The noblest intellect of the olden world says, hypothetically--"If there be a life beyond?" Even Athens, with all her boasted enlightenment, had one of her favorite altars in the Temple of Minerva Polias dedicated to 'Oblivion'. Nature presents, in her great parable-book, some significant guesses and types, but nothing more--of "the secret hidden from ages and generations." In the upspringing of the seed buried under the clods and snows of winter; or the bursting of the insect from its cocoon prison-house, soaring to heaven on wings of purple and gold. But all these oracles were unsatisfactory and ambiguous, until Christ came. Rolling back the stone from the sepulcher of Golgotha, He proclaimed Himself--"I am the Resurrection and the life;"--coupling with this a guarantee for the life and resurrection of His people--"Because I live, you shall live also." He, the first fruits, was presented before the Heavenly Altar, the pledge of the vast harvest that was to follow--"Afterward those who are Christ's at His coming." We need not wonder at the Apostle's emphatic words in a subsequent strain which we shall come to consider--"It is Christ that died, yes rather, that is risen again."

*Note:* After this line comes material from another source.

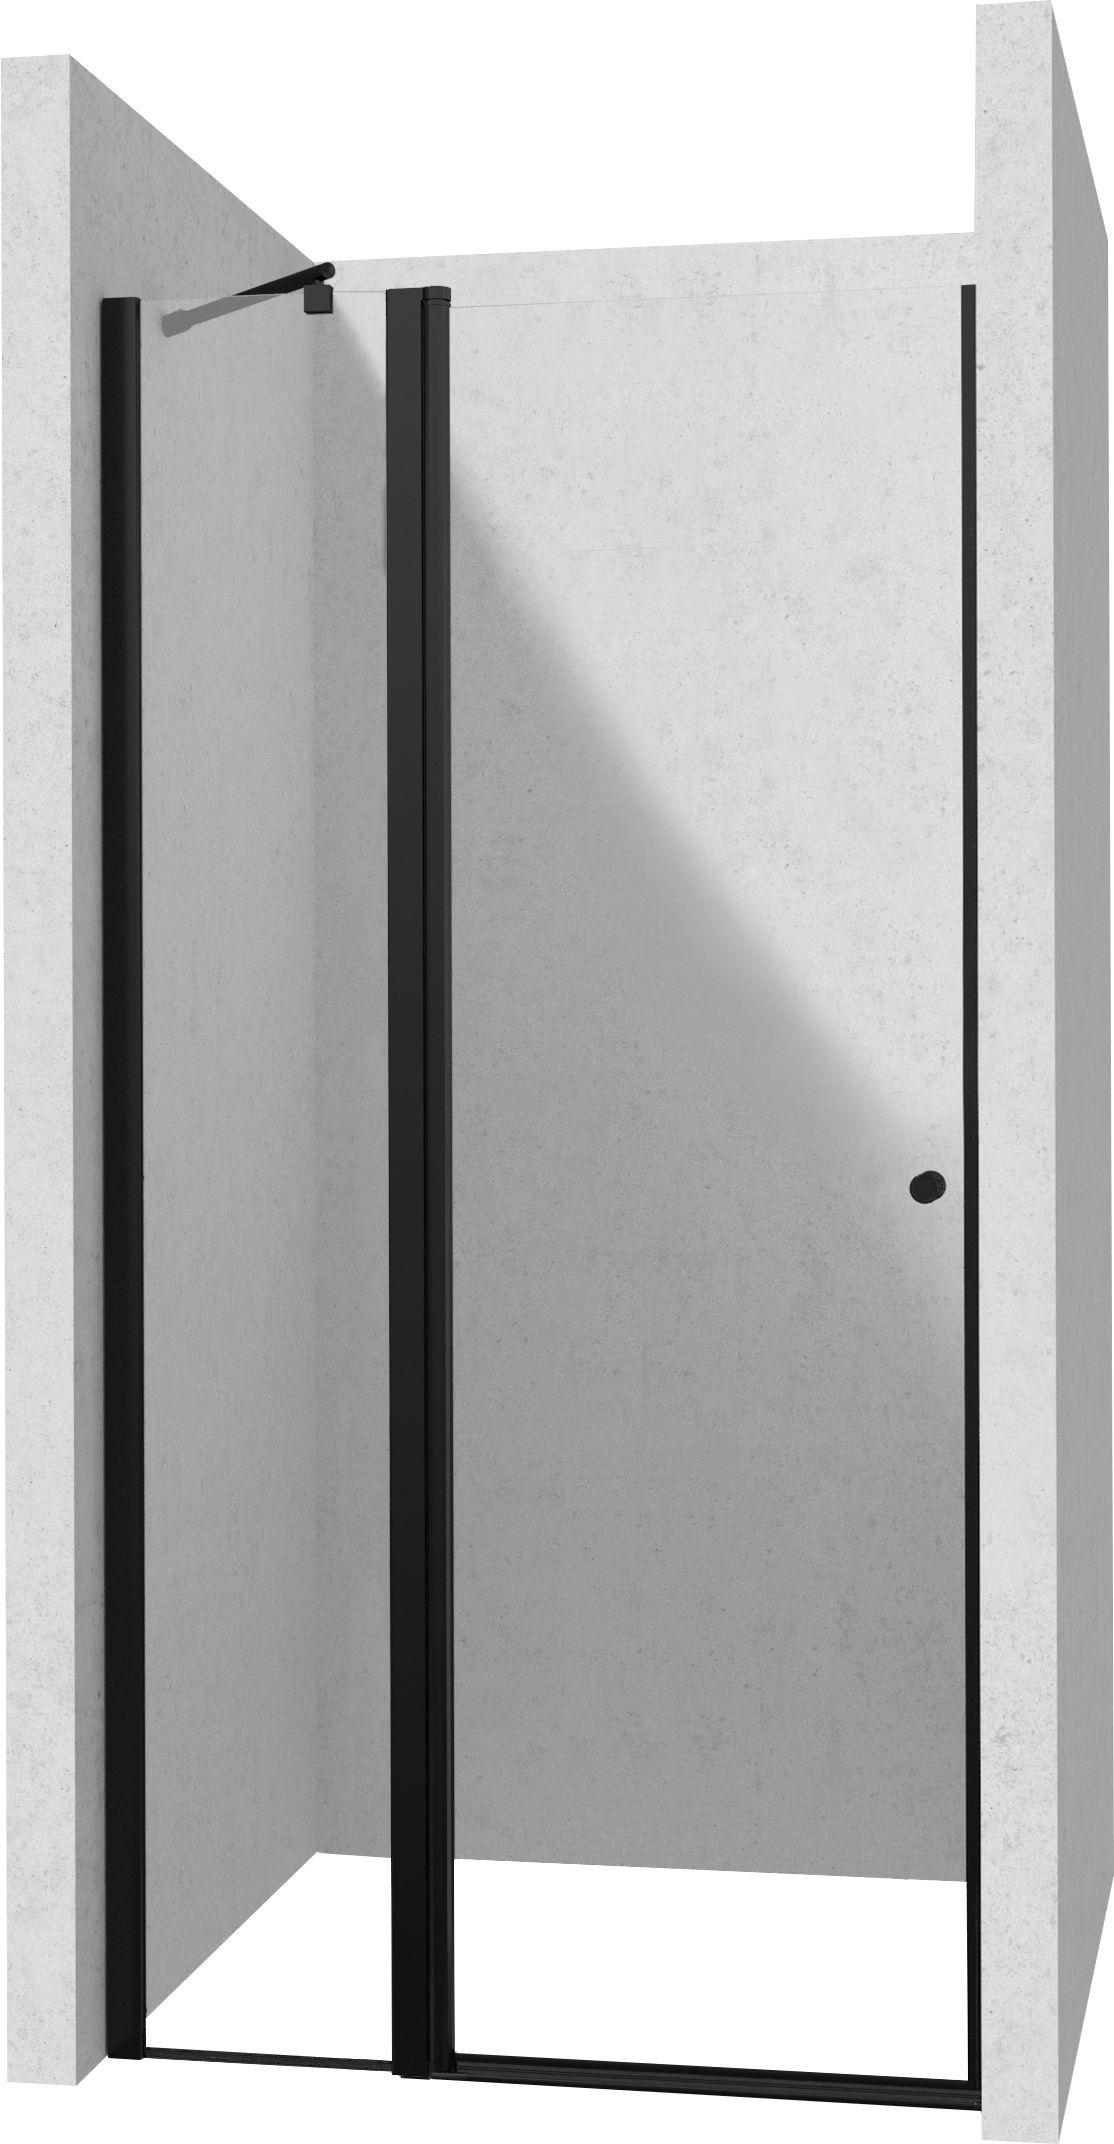 Shower doors, 120 cm - hinged - KTSUN45P - Główne zdjęcie produktowe

Blessed Savior! may I be enabled to "know You, and the power of Your resurrection" (Phil. 3;10). I would enter by faith Your vacant tomb, and hear the angel-announcement--"He is not here, He is risen as He said; come, see the place where the Lord lay." No, more; I would see in all this, what disarms the sting in the first clause of the passage now before us--"the body is dead because of SIN;"--for I see, in You, death and sin alike doomed. In You the grave has become the robing-room for immortality. So completely has Your dying vanquished the last enemy and his dominion, that You are said to have "abolished death," and to have "brought life and immortality to light." I can understand now the meaning of Paul elsewhere, when, in enumerating the contents of the Christian's charter--the roll and record of the believer's privileges, he includes the startling entry--"All things are yours…DEATH" (1 Cor. 3;22). He was writing to the world's Metropolis--to those familiar with their Appian Way--the long street of tombs, ending in the Via Sacra with the Forum and Capitol. Earth in a wider sense is one long Appian Way--a vista and avenue of sepulchers, with the universal inscription--"Sin has reigned unto death." But, through Him who has raised up Christ from the dead, it resolves itself into a "Sacred Approach," leading to the City whose walls are salvation and its gates praise--on whose entrance--its triumphal arch--the words are emblazoned--"And there shall be no more death, neither sorrow nor crying, neither shall there be any more pain, for the former things are passed away" (Rev. 21;4).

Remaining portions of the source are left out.